Daniela Szwarcman, Sujit Roy, Paolo Fraccaro, Þorsteinn Elí Gíslason, Benedikt Blumenstiel, Rinki Ghosal, Pedro Henrique de Oliveira, João Lucas de Sousa Almeida, Rocco Sedona, Yanghui Kang, Srija Chakraborty, Sizhe Wang, Ankur Kumar, Myscon Truong, Denys Godwin, Hyunho Lee, Chia-Yu Hsu, Ata Akbari Asanjan, Besart Mujeci, Trevor Keenan, Paulo Arévolo, Wenwen Li, Hamed Alemohammad, Pontus Olofsson, Christopher Hain, Robert Kennedy, Bianca Zadrozny, Gabriele Cavallaro, Campbell Watson, Manil Maskey, Rahul Ramachandran, Juan Bernabe Moreno
**IBM Research, NASA Marshall Space Flight Center, The University of Alabama in Huntsville, University of Iceland, Jülich Supercomputing Centre, Virginia Tech, Arizona State University, Oregon State University, Clark University, Boston University, University of California, Berkeley, Earth from Space Institute **
This repository contains code and examples based on the TerraTorch library for fine-tuning Prithvi-EO-2.0, a more powerful version of the foundation model Prithvi developed by IBM and NASA. Trained on 4.2M global time series samples on the JUWELS HPC system at the Jülich Supercomputing Centre (JSC) using NASA’s Harmonized Landsat and Sentinel data at 30m resolution, it offers significant improvements over its predecessor.
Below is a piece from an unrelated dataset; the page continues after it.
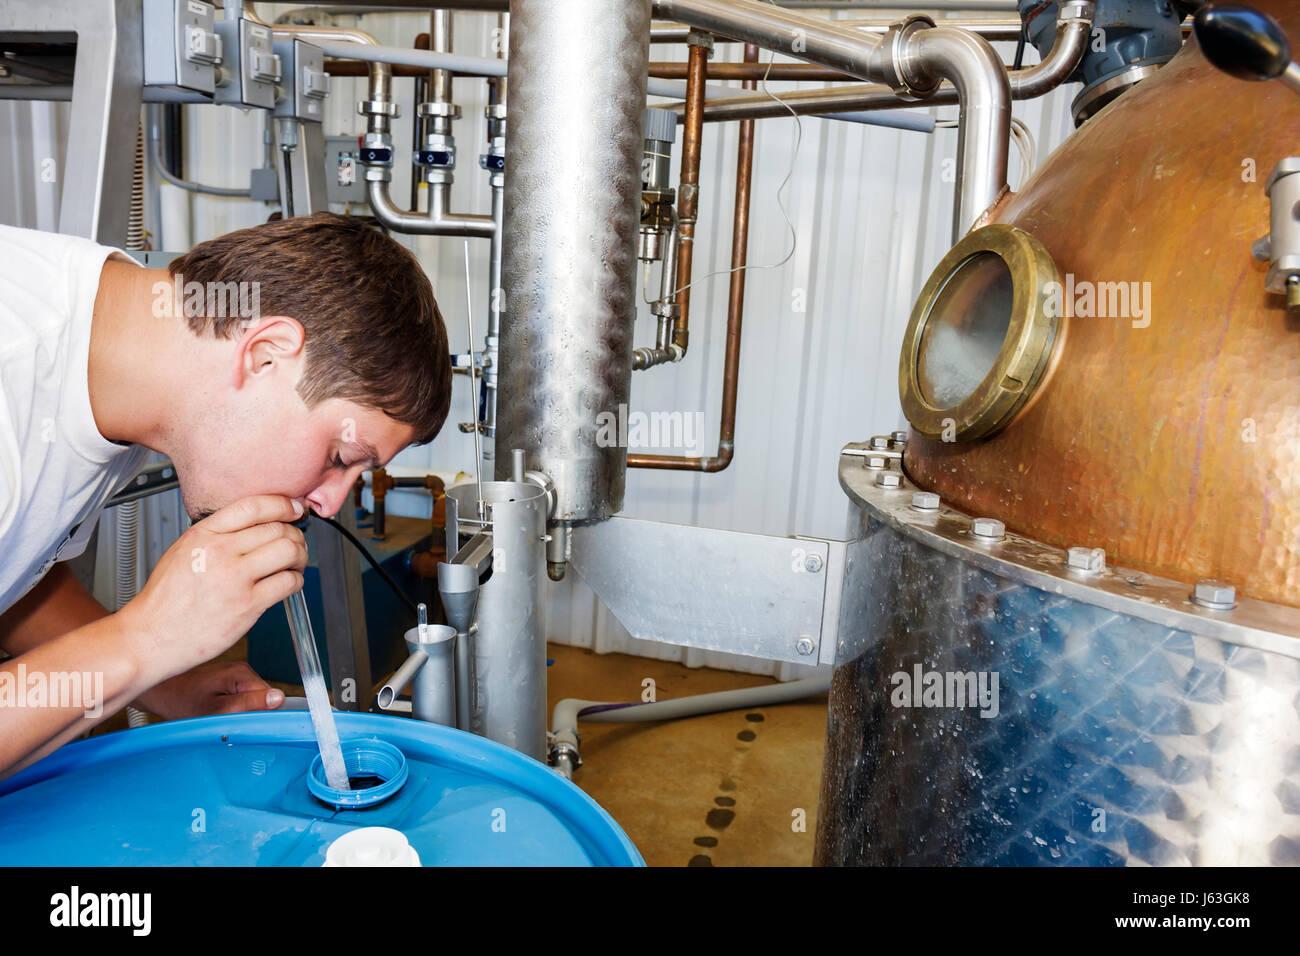 Michigan Baroda El round barn Bodega cervecería y destilería negocio familiar todavía cobre acero Imagen De Stock

- December 4, 2024: Prithvi-EO-2.0 pre-trained models and fine-tuning datasets released on Hugging Face.
- December 5, 2024: Prithvi-EO-2.0 paper released on arxiv link. 🔥🔥
Prithvi-EO-2.0 is based on the ViT architecture, pretrained using a masked autoencoder (MAE) approach, with two major modifications as shown in the figure below.
First, we replaced the 2D patch embeddings and 2D positional embeddings with 3D versions to support inputs with spatiotemporal characteristics, i.e., a sequence of T
images of size (H, W)
. Our 3D patch embeddings consist of a 3D convolutional layer, dividing the 3D input into non-overlapping cubes of size (t, h, w)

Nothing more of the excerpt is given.